Why I’m fighting this
It’s odd to me that the county hired outside counsel to work on its behalf in this case, instead of using its in-house legal team, which the county taxpayers are already paying to provide legal services on the county’s behalf.
Fessier, a practicing trial attorney since 1995, brings an impressive resume to this kind of legal fight.
From a look at her bio on the TimberlakeSmith website, she’s the real deal.
“As the leader of TimberlakeSmith’s Local Government Law practice, Rosalie has been successfully representing and defending constitutional officers, localities, and other public bodies for over 20 years. She understands the unique and complex issues that face her local government clients and is able to effectively defend her clients in federal and state courts on cases that often garner close media attention,” her bio tells us, then adds, later, that she “has handled appeals to the U.S. Court of Appeals for the Fourth Circuit and the U.S. Supreme Court, as well as the Supreme Court of Virginia.”

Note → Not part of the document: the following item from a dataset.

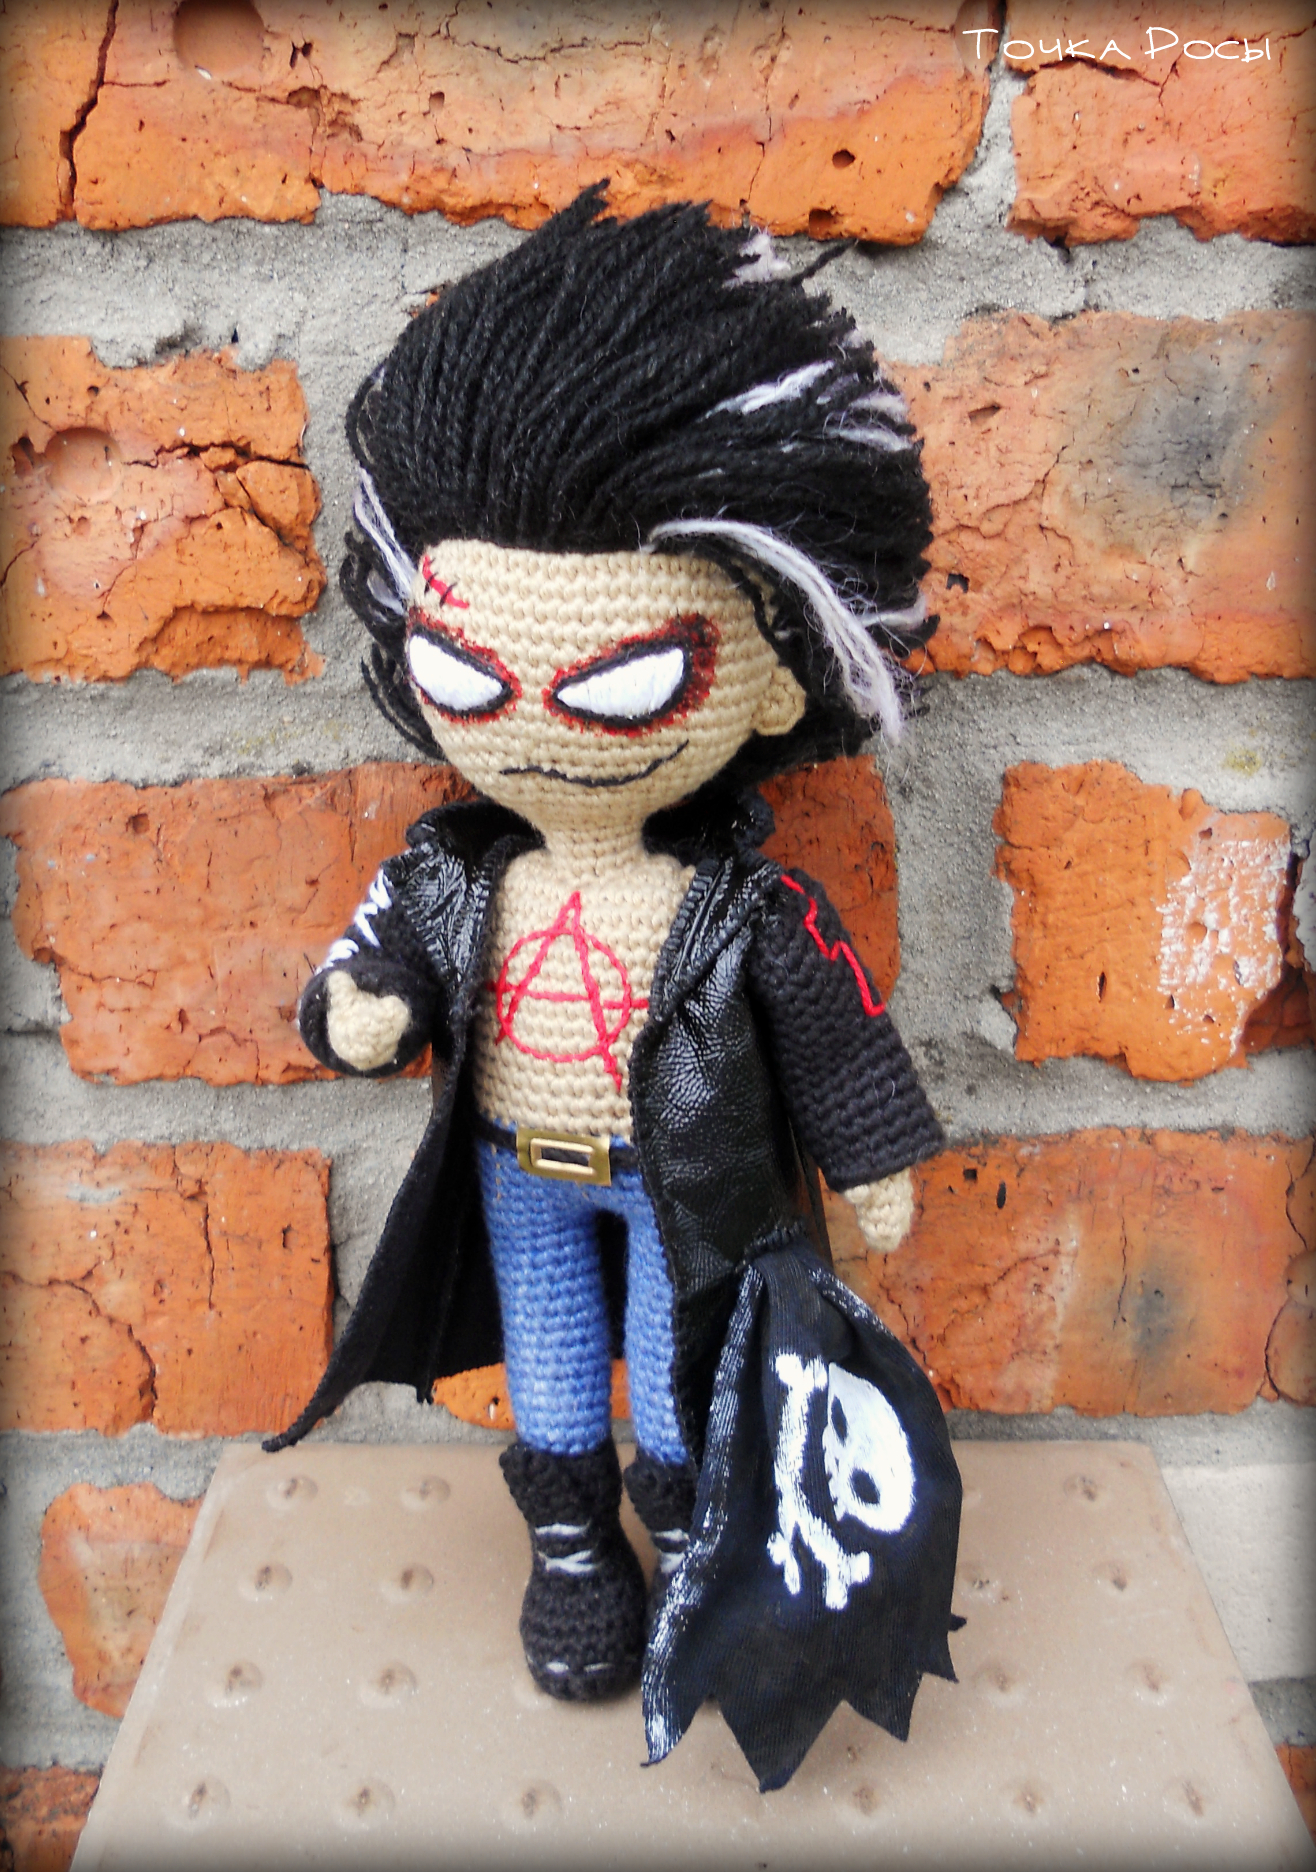 Dead anarchist. Knitted doll - My, King and the Clown, Dead Anarchist, Crochet, Knitted toys, Amigurumi, Interior doll, Sorcerer's Doll, Punk rock, Longpost, Needlework without process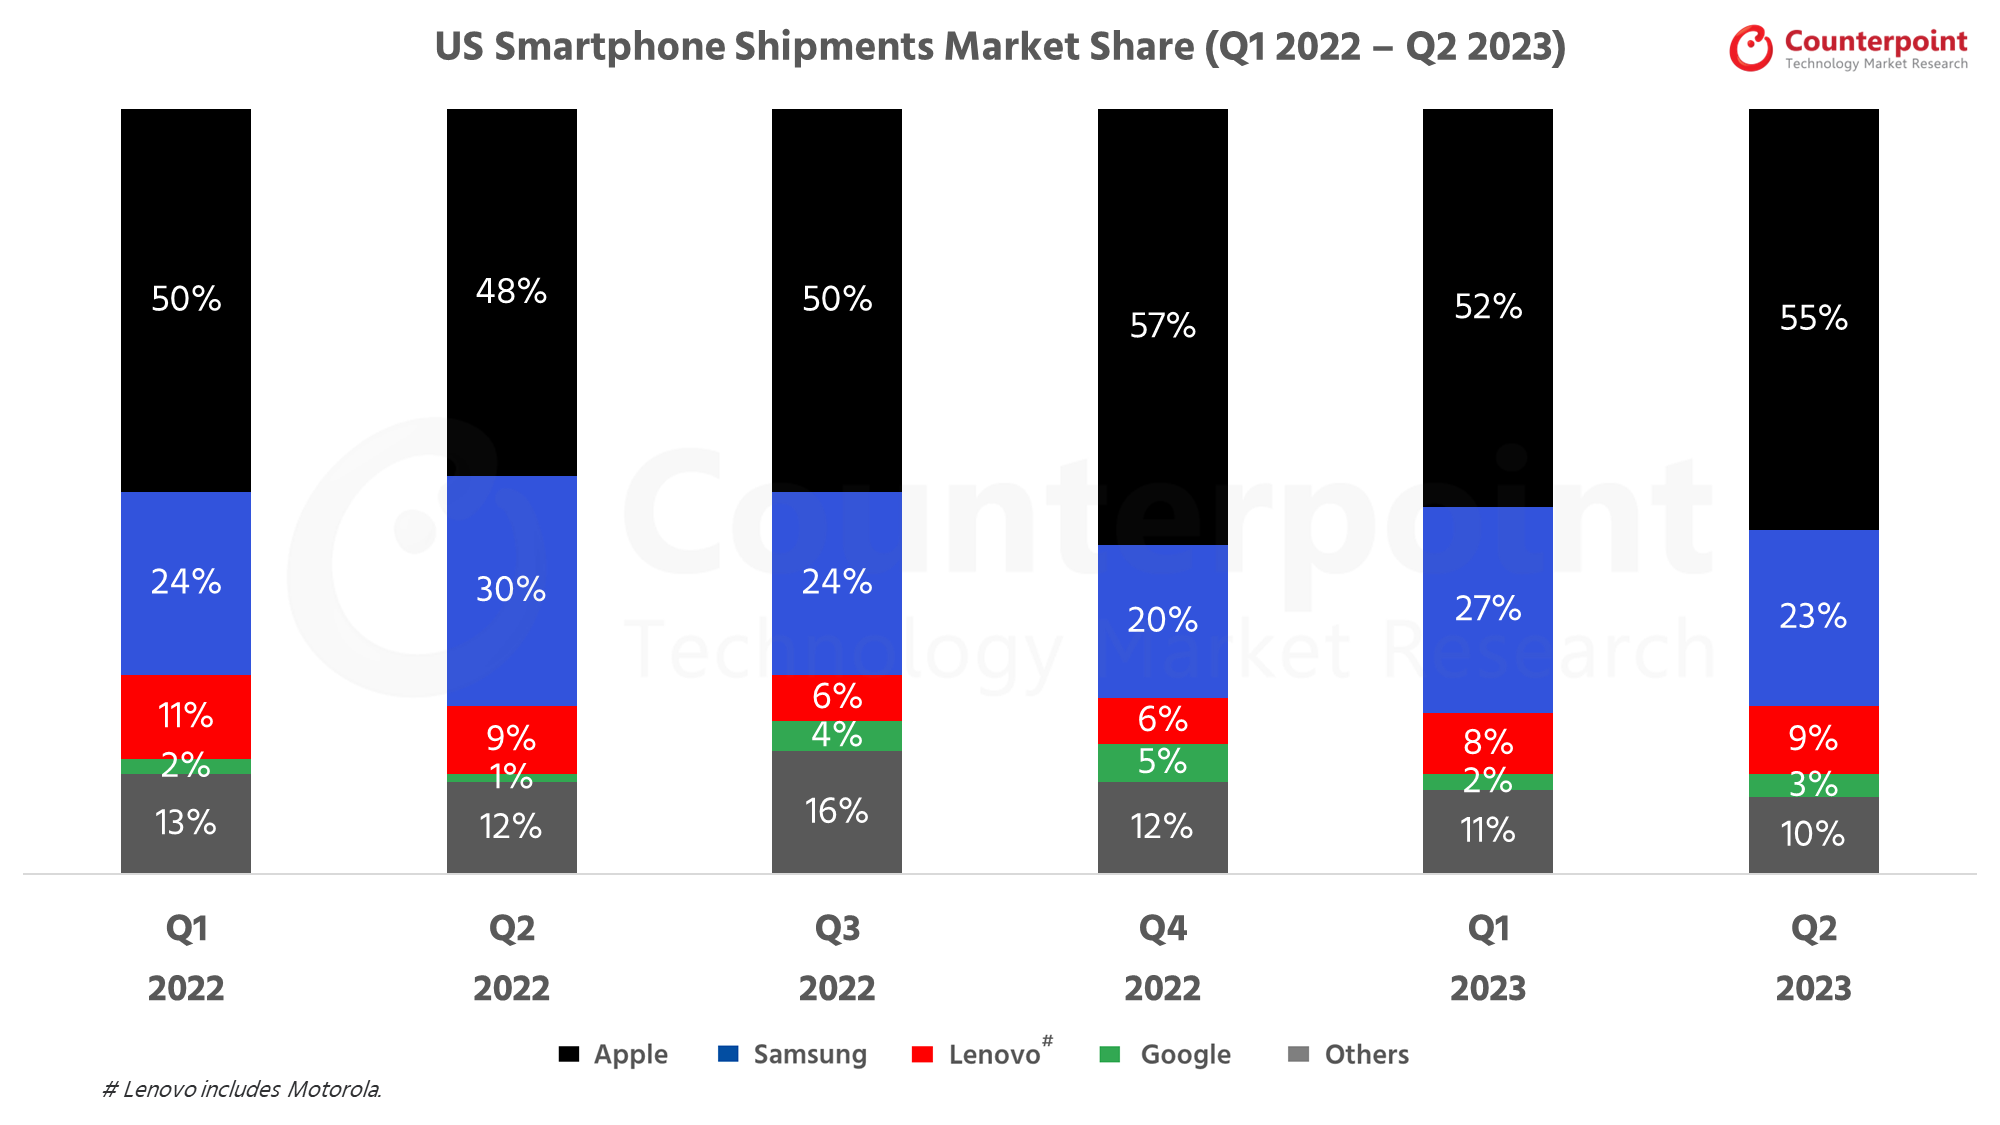 Counterpoint Research US Smartphone Market Share Q2 2023

At the other table in the courtroom today was me, a practicing journalist and editor since 1995 – no trial experience, nothing of a nature anything close.
The county, for some reason, feels the need to put a lawyer who argues cases before the U.S. Supreme Court against a run-of-the-mill local journalist, which feels a bit like using the H-bomb to deal with a pesky housefly.
I’ve been under the impression since the county denied my original FOIA request last month that there may have been something politically sensitive discussed in that March 20 closed session that county leaders don’t want people knowing about, but I have to admit, I wasn’t willing to go beyond hedging behind, maybe there was something, but maybe it’s something innocent, like wanting to protect the names of whistleblowers, though of course the names of whistleblowers could easily be redacted.
Anyway, I didn’t, until today, want to just assume anything.
The way the county came at me with the kitchen sink has me thinking differently in that respect now.